Interpretation of Hib titers — The capsular polysaccharide polyribosylribitol phosphate (PRP) is an important antigen in immunity to Haemophilus influenzae type B (Hib). Anti-PRP IgG titers ≥1 mcg/mL are considered protective [28]. Although the polysaccharide PRP is the primary antigen, the conjugate vaccines employ either diphtheria toxoid or the outer membrane protein complex of meningococcus as the immunogenic protein. Therefore, antibodies to the Hib capsular polysaccharide in patients who received the conjugated Hib vaccine reflect a protein response, and protective antibodies against the PRP polysaccharide do not exclude unresponsiveness to the pure pneumococcal polysaccharides. Children in the United States have been receiving conjugated vaccines for prophylaxis against Hib since the early 1990s.

Treatment

Medical Therapy

The mainstay of therapy for IgG deficiency includes the following :

  • Immunization with conjugate vaccines in patients who have not responded to polysaccharide vaccines[83]
  • Aggressive management of asthma, allergic rhinitis predisposing to recurrent sinopulmonary infections
  • Recognition and treatment of sinopulmonary bacterial infections since infections are less likely to clear spontaneously in patients with antibody defects.
  • Prophylactic antibiotics for patients with recurrent sinopulmonary infections. Evidence in support of this approach is largely derived from benefits observed in retrospective studies of children with this and similar antibody deficiencies.[5]
  • Intravenous or subcutaneous immune globulin replacement is indicated if the use of prophylactic antibiotics does not cause fewer infections or in patients with persistent and symptomatic chronic rhinosinusitis. This therapy should be reserved for patients with clearly impaired responses to protein and/or polysaccharide antigens.
  • Intravenous immune globulin therapy, at a standard dose range of 400 to 600 mg/kg, can be infused every three to four weeks.[6] Immune globulin can also be replaced subcutaneously at weekly intervals.
  • Immune globulin therapy should be administered for one to two years initially, at which point the patient's status should be re-evaluated to determine if the number and/or severity of infections have been reduced. Not all patients with IgG subclass deficiencies benefit from immune globulin replacement, and the therapy should be discontinued if not effective in that individual.[84]

Prevention

  • There are no primary preventive measures available for IgG deficiency.
  • Secondary and tertiary prevention strategies following IgG deficiency include avoidance measures, vaccination, prophylactic antibiotics, immune globulin therapy,and when infections do occur, broader spectrum and more prolonged antibiotics are often recommended.
  • Avoidance: to reduce exposure to others with potentially contagious illnesses: proper handwashing and use of alcohol-based disinfectants should be provided to patients and their families; Co-sleeping among family members should be minimized, and immunization of family members and close contacts
  • Careful attention should be paid to patient's oral hygiene and dental health.
  • Vaccination Immunization with conjugate vaccines in patients who have not responded to polysaccharide vaccines Advisory Committee on Immunization Practices (ACIP)[85]
  • Recommended that conjugated Hib vaccine be administered in patients with IgG2 subclass deficiency and those with specific antibody deficiency (SAD) [86][87]
  • Antimicrobial therapy: Treating acute infections and prophylactic antimicrobial therapy among patients with recurrent sinopulmonary infections or ongoing lung disease is helpful.
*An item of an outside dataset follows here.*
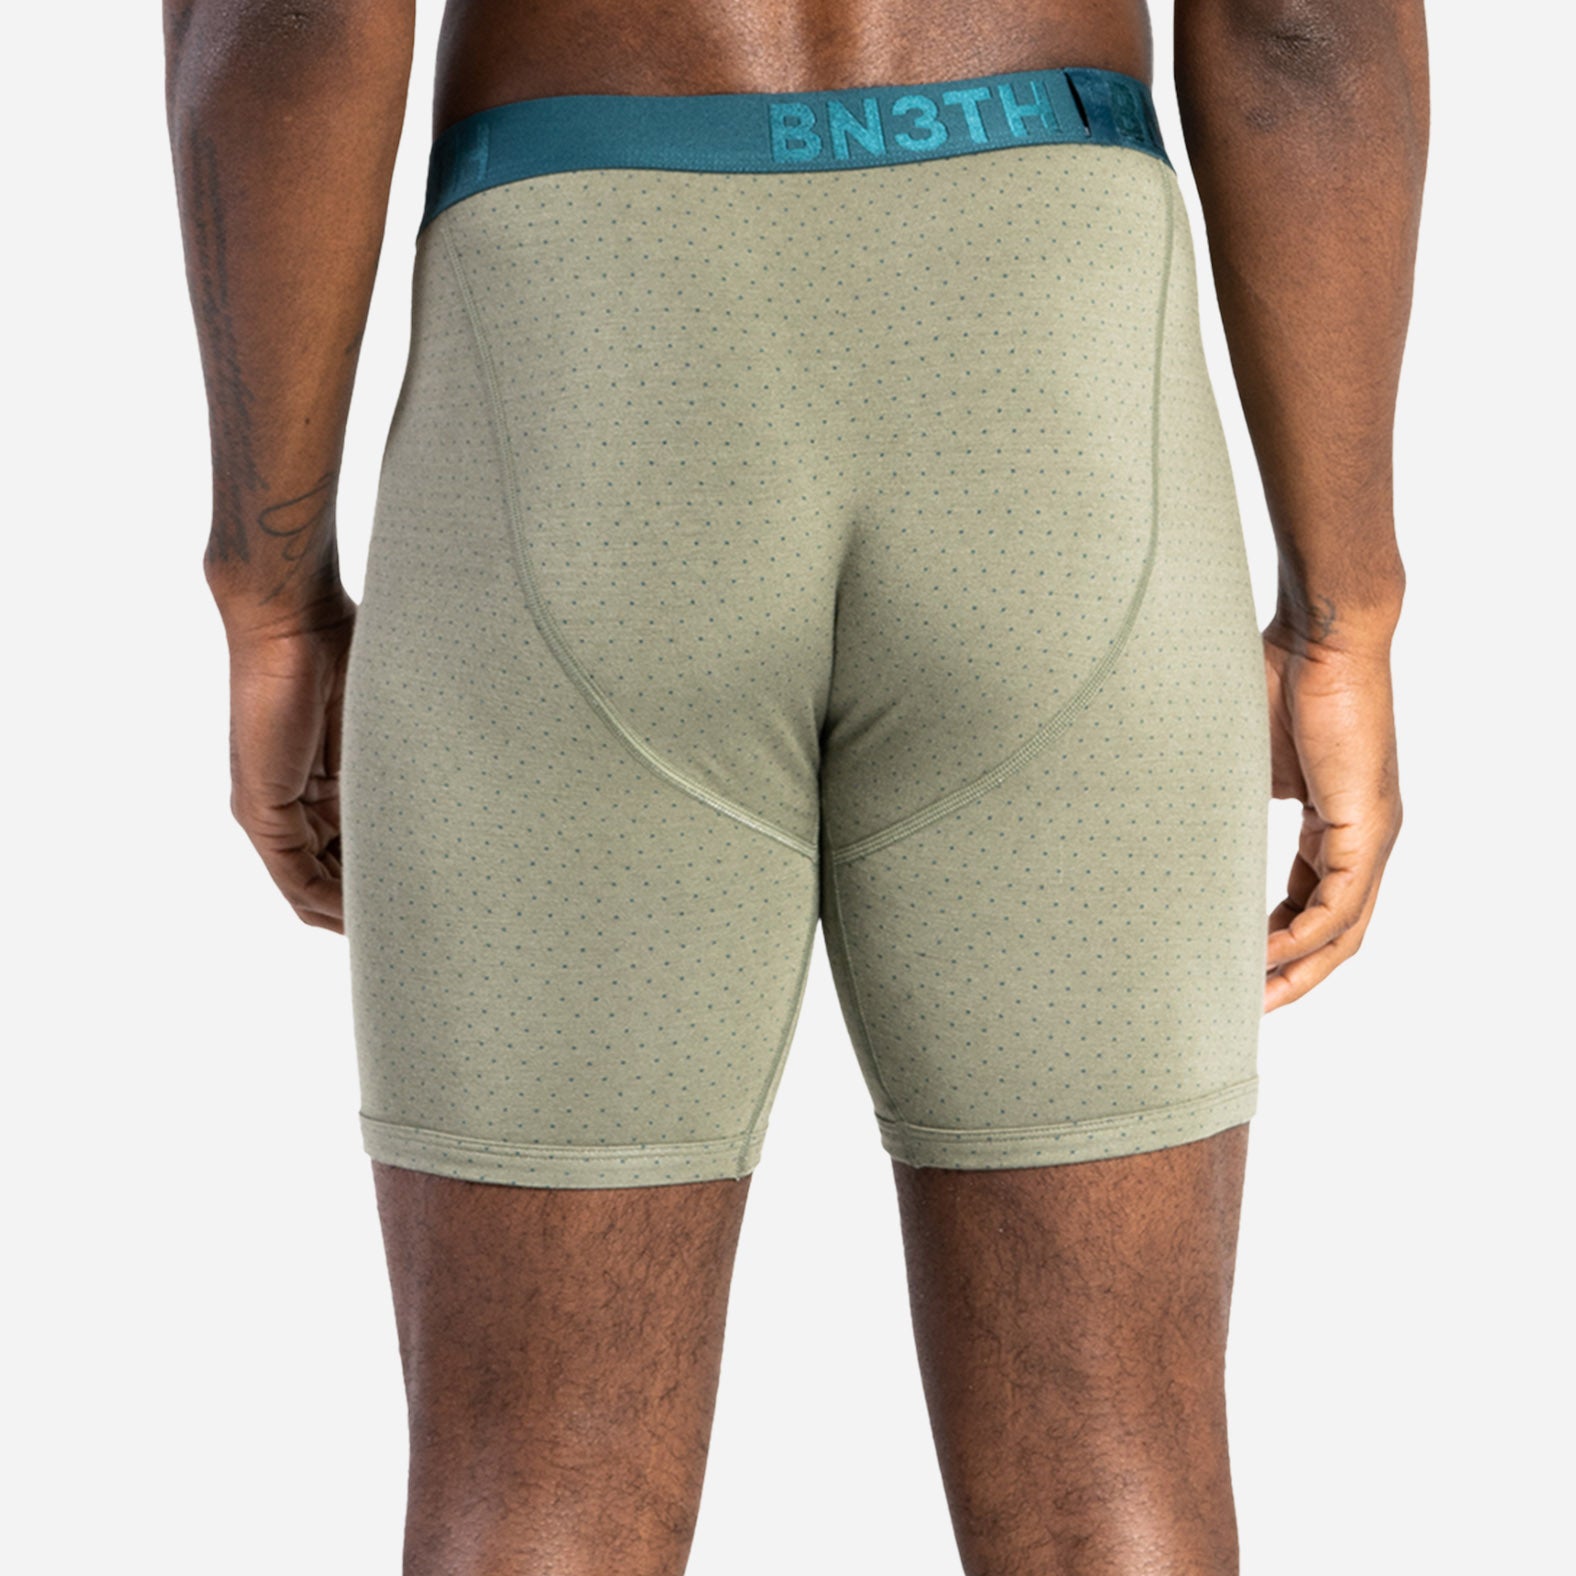 CLASSIC BOXER BRIEF WITH FLY: MICRO DOT PINE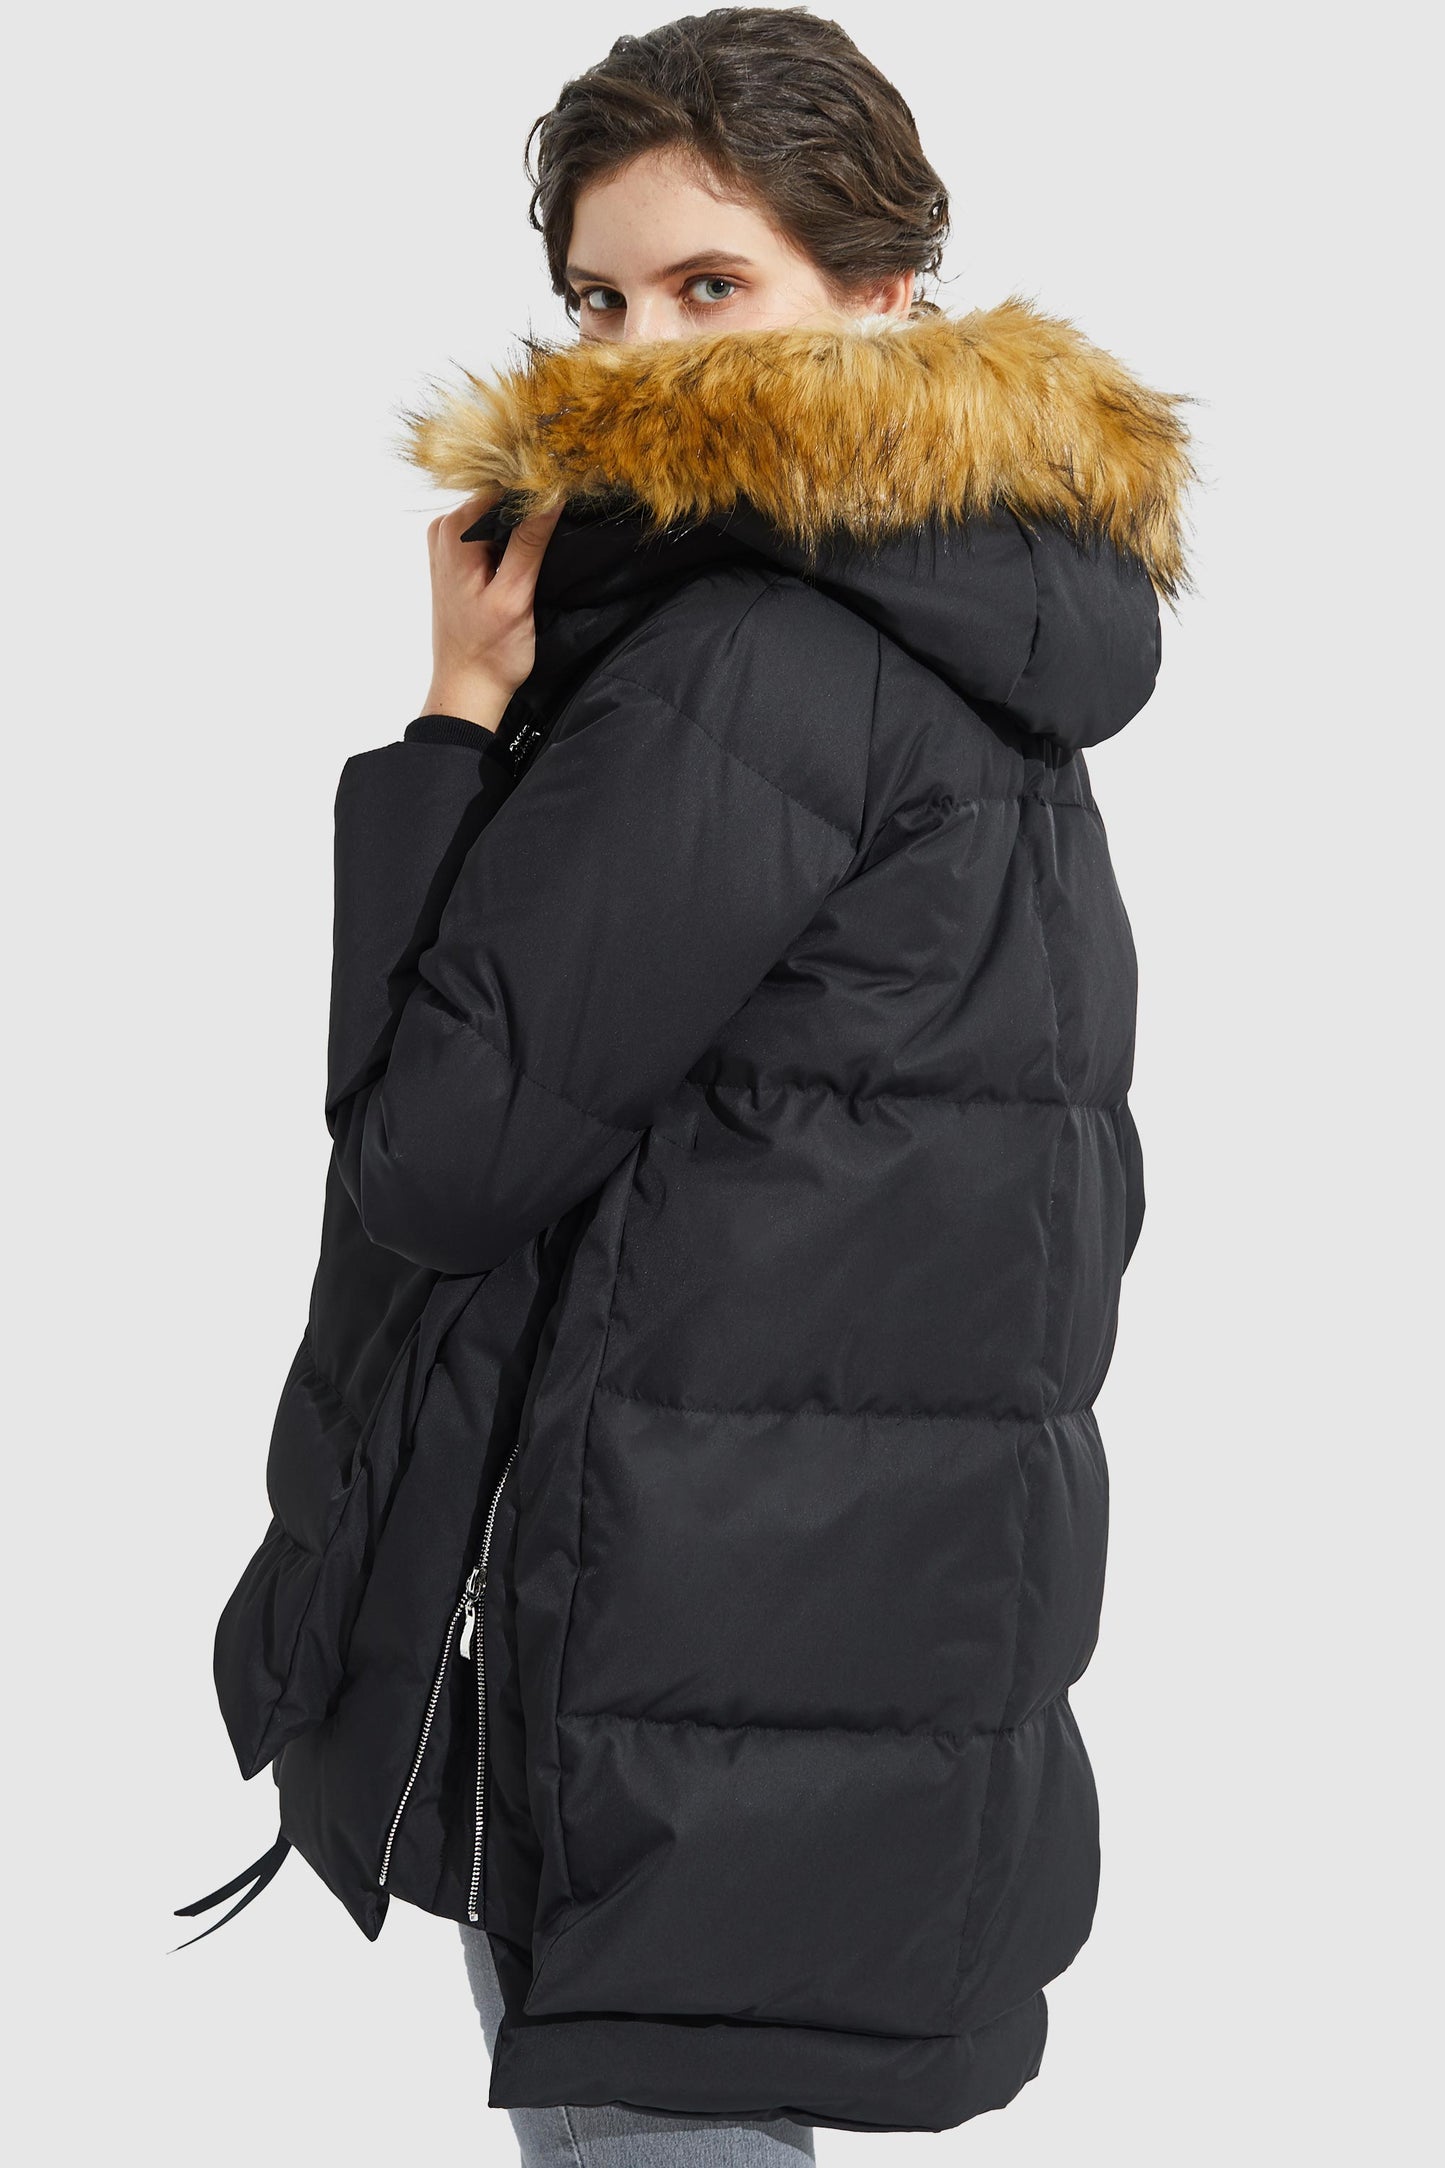 092 Universe Classics Zip front Thickened Down Jacket with Faux Fur Hood

Thus, immediate recognition and treatment with antibiotics can help prevent chronic infections and infectious complications. It is important to ensure that the infection has treated completely at the end of a course of antibiotics, as patients with immunodeficiency sometimes necessitate longer durations of therapy. Antibiotic resistance does not seem to be a serious problem in patients with primary immunodeficiency, for causes which are not clearly understood, then the same antibiotics continue to be useful, regardless of prolonged or frequent exposure.[88]